We check the quality of the best of these.

exprs /. {Rp -> -2700.4954538433844`, 
  Rs -> 2705.6799985799325`, 
  Subscript[i, o] -> 0.000018778654235991685`, 
  Subscript[i, ph] -> -0.01162630485766281`, A -> 160412.60117315938`}

(* Out[149]= {0.0000695635876515, -0.0000413467732426, \
-0.000556494251506, -0.0000273792092713, 0.000554389807918} *)

So now our residuals are all under 1/1000.

I need to look into the memory allocation failure when using a sum of squares wit h default method.

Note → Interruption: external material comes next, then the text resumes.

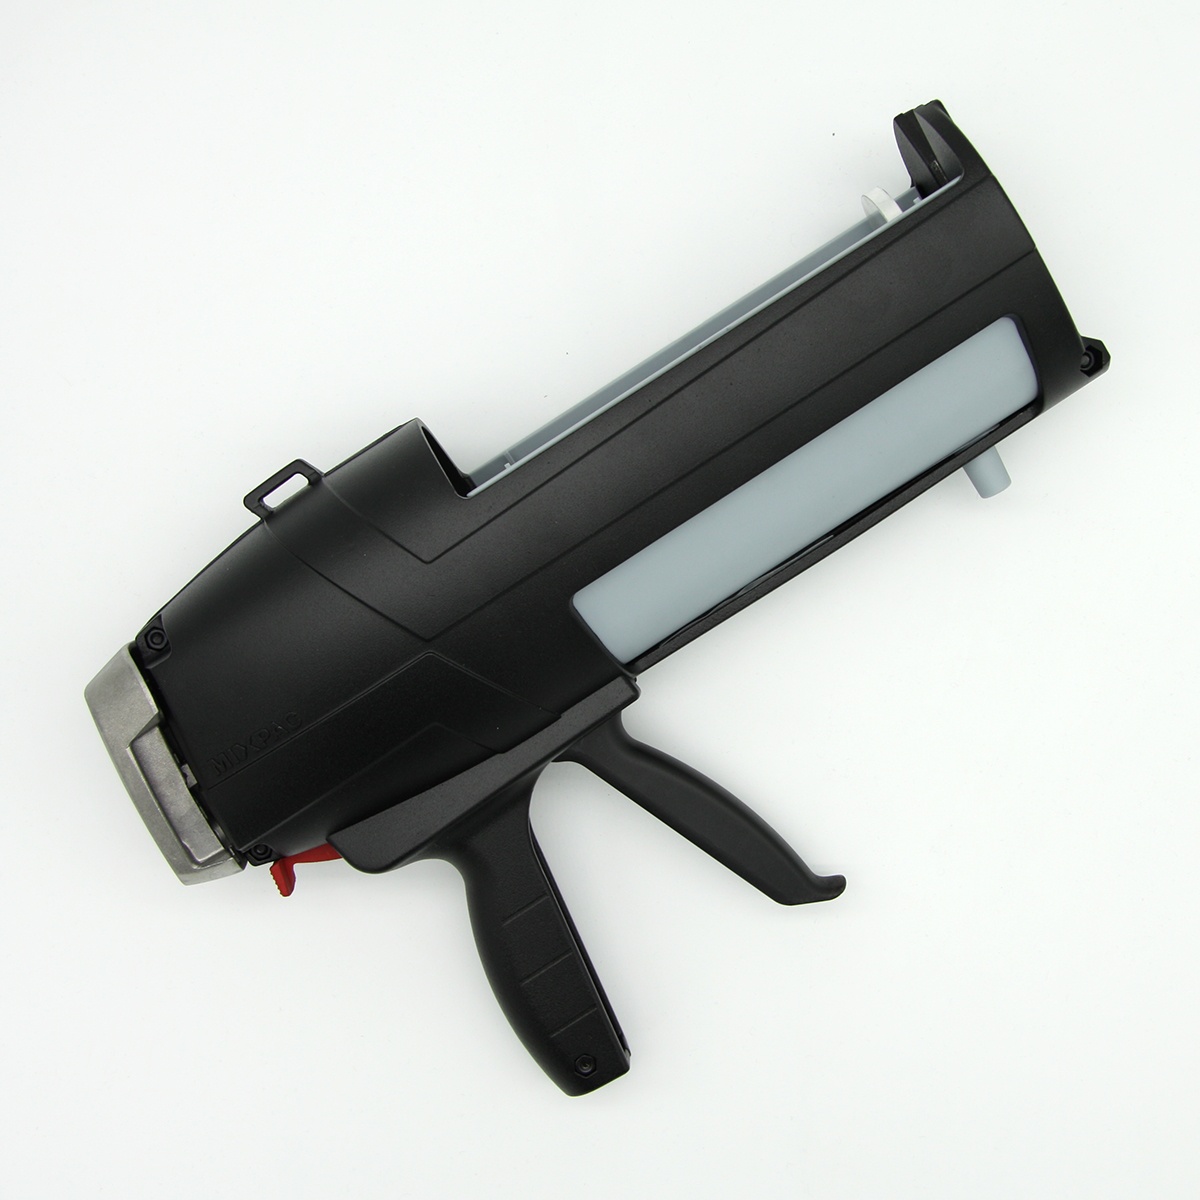 Dispensing gun for ORATEX epoxy resin adhesive

POSTED BY: Daniel Lichtblau

Thank you very much, with your help the answer is successful

Tried that and got a SystemException[MemoryAllocationFailure...]. Perhaps the problem is singular?

POSTED BY: Frank Kampas

Could alternatively subtract lhs from rhs of each equation, square, and sum those as an objective function for an unconstrained optimization (maybe you also tried that though).

POSTED BY: Daniel Lichtblau
In[21]:= NMinimize[{0, 
  7.61 == 0. - (26.3 + 7.6*Rs)/Rp - 
    1. (-1 + E^((38.91741123737115* (26.3 + 7.61* Rs))/A)) Subscript[
     i, o] + Subscript[i, ph],
     8.21 == 
   0. - (8.21* Rs)/Rp - 
    1. (-1 + E^((319.51194625881715* Rs)/A)) Subscript[i, o] + 
    Subscript[i, ph], 
     0 == 0. - 32.9/Rp - 
    1. (-1 + E^(1280.3828297095108/A)) Subscript[i, o] + Subscript[i, 
    ph],
     6.62 == 
   0. - (6.62* Rs)/Rp - 
    1. (-1 + E^((239.92927434638457 *Rs)/A)) Subscript[i, o] + 
    Subscript[i, ph],
     0 == 0. - 29.9/Rp - 
    1. (-1 + E^(1083.668474766903/A)) Subscript[i, o] + Subscript[i, 
    ph]},
       {Subscript[i, ph], Subscript[i, o], A, Rs, Rp}]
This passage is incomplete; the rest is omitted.